I was really wondering about all that and had so many questions, but I couldn’t figure out who to talk to about it. Not mom and dad, I couldn’t let them think I was a bad person who was thinking about this kind of dirty stuff. The kids I knew my own age, like James or Kenny, didn’t know any more than I did, and I didn’t trust Kenny not to tell his parents if I talked to him about it. Maybe I could talk to Danny, because he was older and might know more, and like James, he probably wouldn’t tell on me. But it would have to be when Danny and I were together with nobody else around. I also thought about Ricky, because he seemed to know EVERYTHING, but I didn’t see him very much.

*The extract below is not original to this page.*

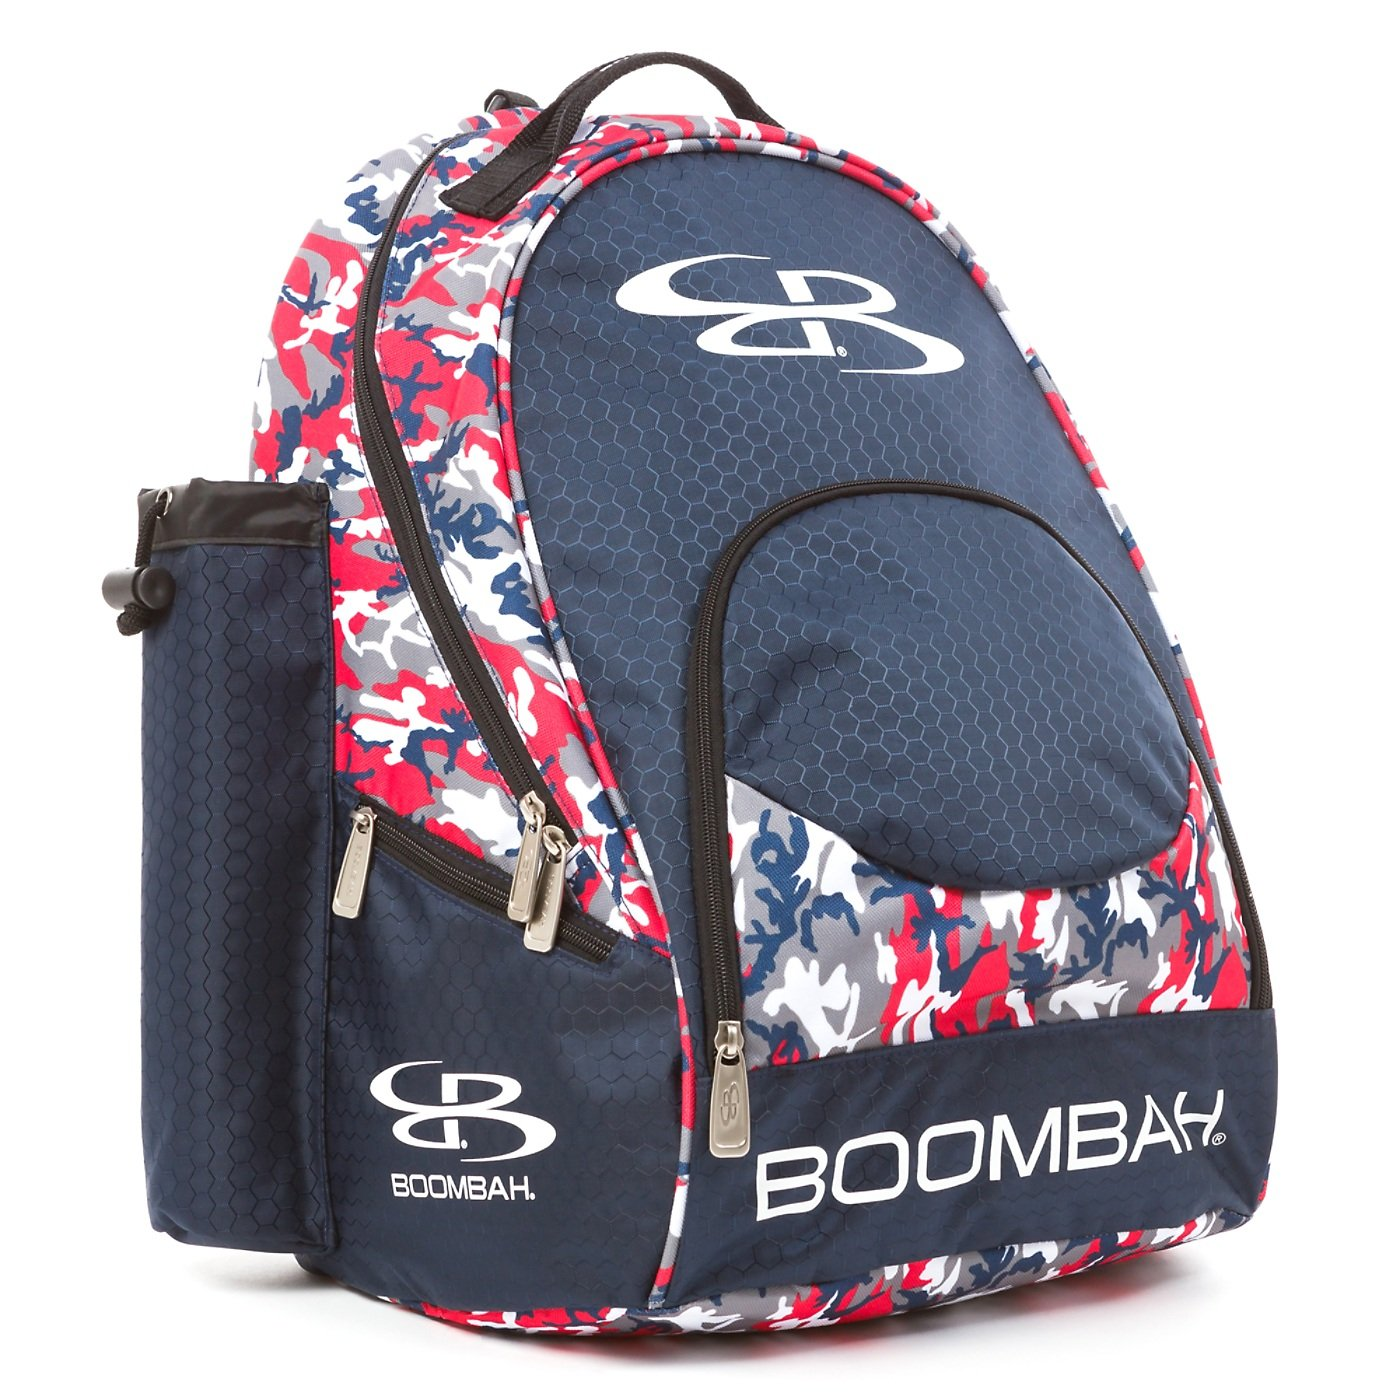 BoombahテューローBaseball / Softball Batバックパック – 20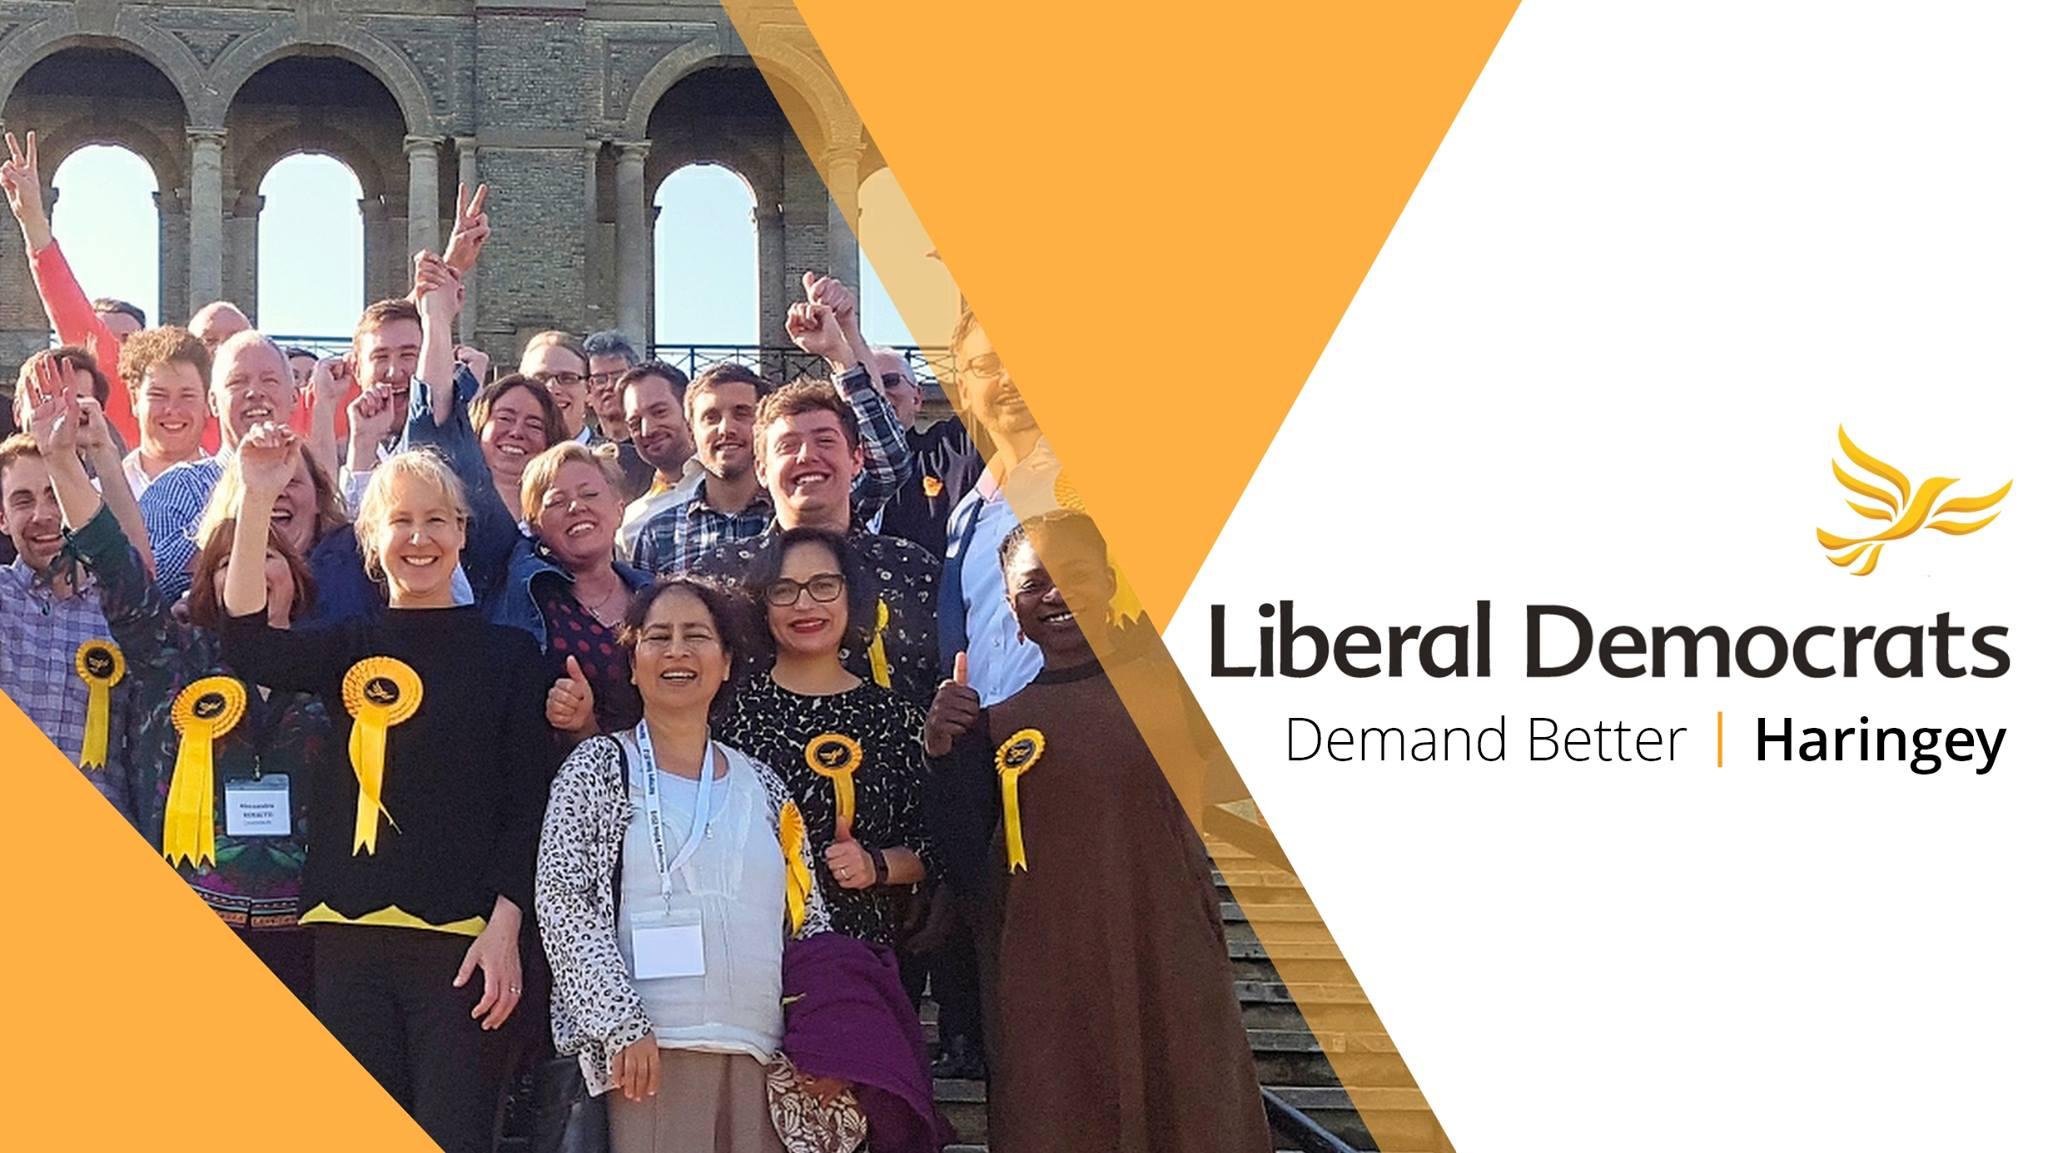 Haringey Liberal Democrats

I thought about Molly and I talking about it, and just thinking about doing that with her was exciting. But she would have to talk about it first, because if I did, I was worried she would think I was a bad person and wouldn’t want to play with me anymore. That would be the worst thing ever. But since I was worried about that, I wondered if she’d be worried about talking about it first because she would think that I would think she was a bad person. I wouldn’t think that, but if I was worried about it she might be worried too. It was a problem I just couldn’t figure out!